第九百三十六章 沈净心 (第1/2页)
隐匿阵法外的黑暗世界,风声呜咽,碎石滚动。
百丈外,厄攰河的涛声,时断时续。
四凤羽毛上的光华敛尽,伫立於不远处的石柱之巅放哨,雷电双瞳远眺警惕。
「长生观的淩道长,我没有遇到,想必在某处错过。我们都在隐藏潜行,要在广阔天地间相遇,并非易事。」
沈净心静坐疗养,外伤已痊癒,所有光明之力和佛霞消失不见。
手印变化。
祖田位置,地、水、风、火、空,五元的五色光华,化为一圈圈涟漪,无声向外扩散。
李唯一知道是这个道理,但眉头难展。
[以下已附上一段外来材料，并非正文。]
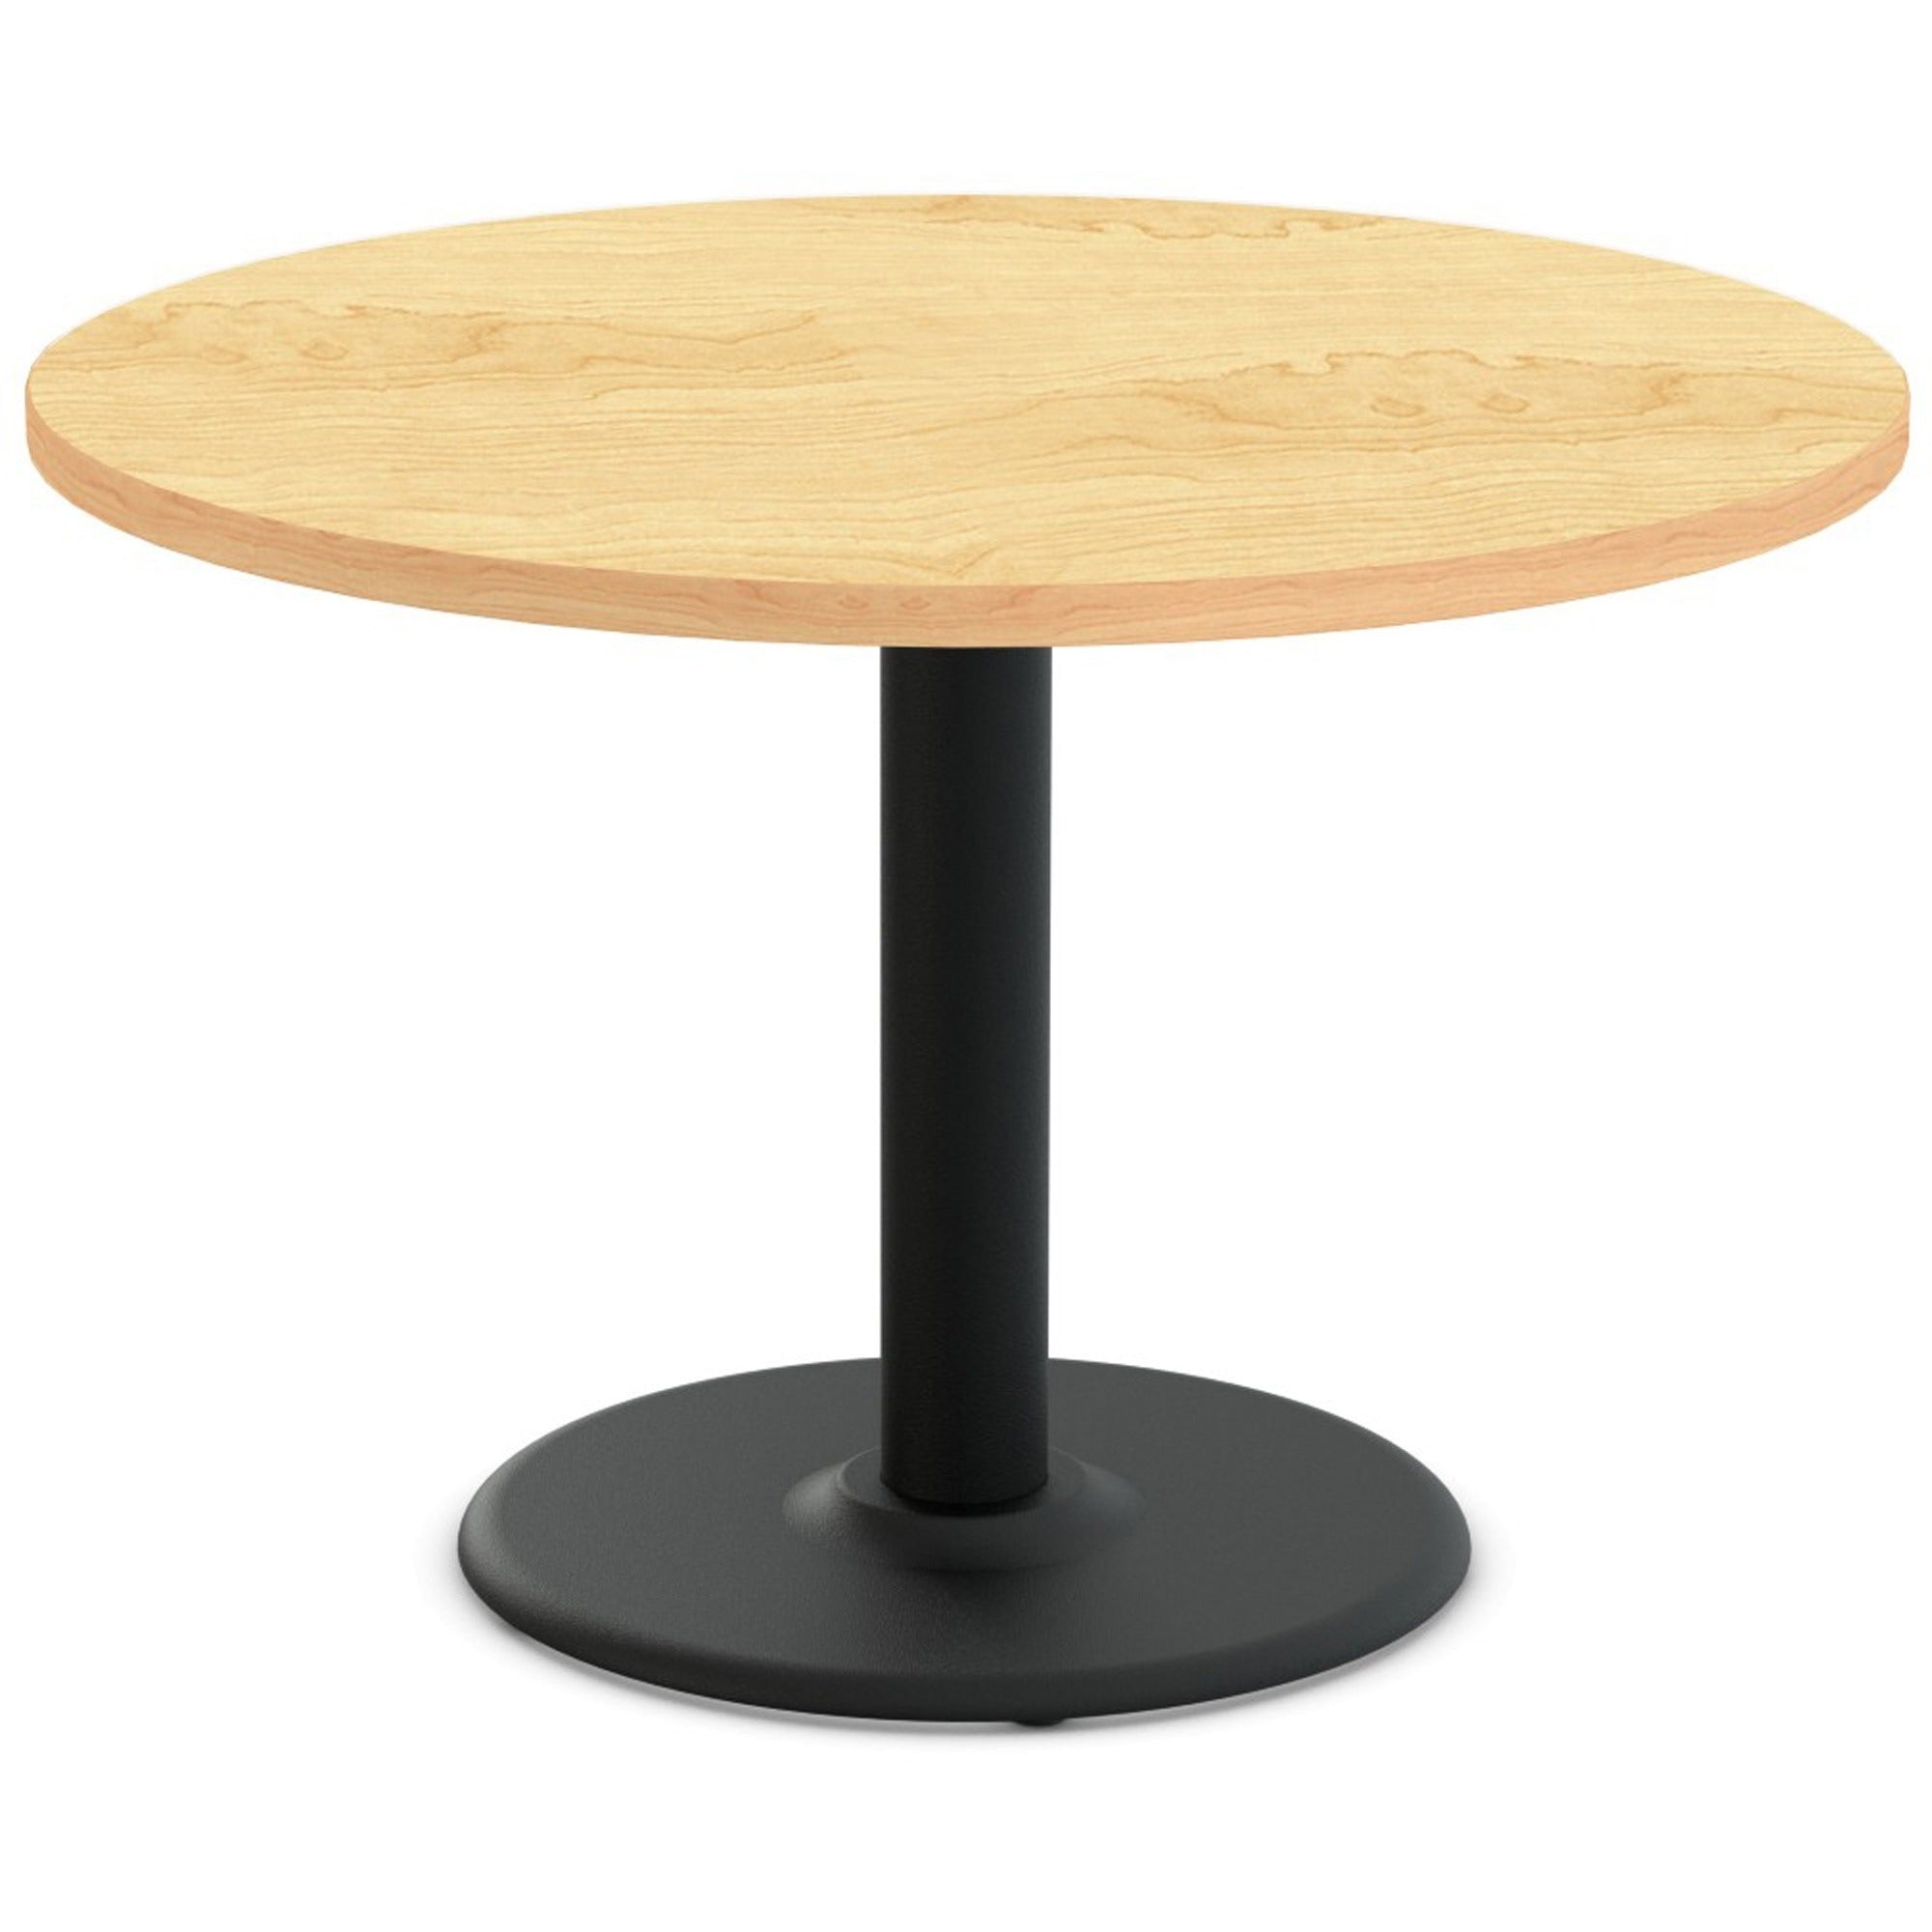 special-t-cantina-2-dining-table-for-table-topcrema-maple-round-top-black-wrinkle-powder-coated-base-x-42-table-top-diameter-42-height-assembly-required-thermofused-laminate-tfl-top-material-1-each_sctcant242bhbcm - 1

淩破天出关半个月都没有返回,绝不是正常的事。
沈净心洞悉他神情,道:「我遇不到,敌人更难遇到,八佛爷莫要太过担心。彼岸境者,都已能够对自己的决定负责,知量力而行,知虽死无憾,知迎难而上,行如龙,遁无形,藏无踪,趋利避凶,心比金坚。」
李唯一知道,沈净心这话还有另一层意思。
是在告诉他,她做出前往万岁湖的决定,是她自己的意志使然,与李唯一无关,无需背负因果。
她若不想去,就算李唯一真落入敌手,也一定不会去。
「仙子若如此坦然,为何又视落入敌手的瞿常和圣言为自己的人性弱点?」李唯一问道。
微风拂来,撩动她脸颊边的几缕青丝。
天地寂静,唯余二人的呼吸声。
沈净心笑道:「不如我们各自先换一个称呼,再辩这一观点。仙子和八佛爷本就不属於我们,是外界强加,我们何必再强加给对方?唯一,唯心如一,倒像一个法号或道号。我便直接称你唯一吧!」
「我没有要和沈姑娘辩的意思。」
李唯一连忙撤退。
沈净心道:「其实唯一,我并非是不担心淩道长的安危,而是知晓这种担心没有意义。在乎的人和事太多,只会让自己寸步难行,被因果缠绕得动弹不得。」
「瞿常和圣言的处境,则是确定的。确定的事,自然就可确定的去解。」
「你说是不是?」
「沈姑娘给我挖了好大一个坑。」
李唯一这才警觉,沈净心是在试探他的人品和智慧。
是在试探他,会不会真的舍弃淩破天,不去理会。
是在试探,他是否有解决问题的办法。
李唯一道:「我其实也有确定的解法!只要我们精心布置,设局生擒一敌,不就可以询问淩道长是不是在他们手中?」
「唯一有如此胆魄和斗志,净心自然全力相助。不过,至少要等到三个月後。」沈净心道。
李唯一动容:「沈姑娘伤得如此之重?」
「随我们的肉身和魂灵越来越强,寻常伤势可顷刻痊癒。但,一旦遭受根本创伤,如九泉、气海、魂灵受损,又或被远胜自己修为的力量侵蚀,恢复起来,反倒比境界低时更难。」
沈净心又道:「原本约你来这里,是想藉助厄多古蹟的环境,伏击追击的强敌,给他们沉重一击,从而彻底逃脱。为此,我已做好接下来养伤一年的准备。」
「但现在,情况不一样了。」
「哪里不一样?」李唯一道。
「因为你有可在亡者幽境疾行赶路的宝物。」
沈净心直接点破,继续道:「既然如此,我们为何要在处境不利的情况下伏击?等我伤势痊癒,岂不更有把握?」
「就依沈姑娘所言。」
李唯一知晓身上无常衣的玄妙,多半已被对面那位聪慧绝顶又修为高深的女子瞧破,好奇问道:「我现在完全捉摸不透沈姑娘的策略,我们这般向南行,到底是在迷惑敌人,实则是要绕回天牧关?还是,准备直接跨越亡者幽境?」
「如果是你,你选哪一条路?」
沈净心眸光明亮,显然心中早已有定策。
李唯一道:「自然是等沈姑娘伤愈後,悄然绕回天牧关。亡者幽境若有那麽容易跨越,怎会是生命禁区?」
「为什麽我们不能将横渡幽境,视为一场心境和精神意念上的修行?同时,可将大批敌人引走。」沈净心问道。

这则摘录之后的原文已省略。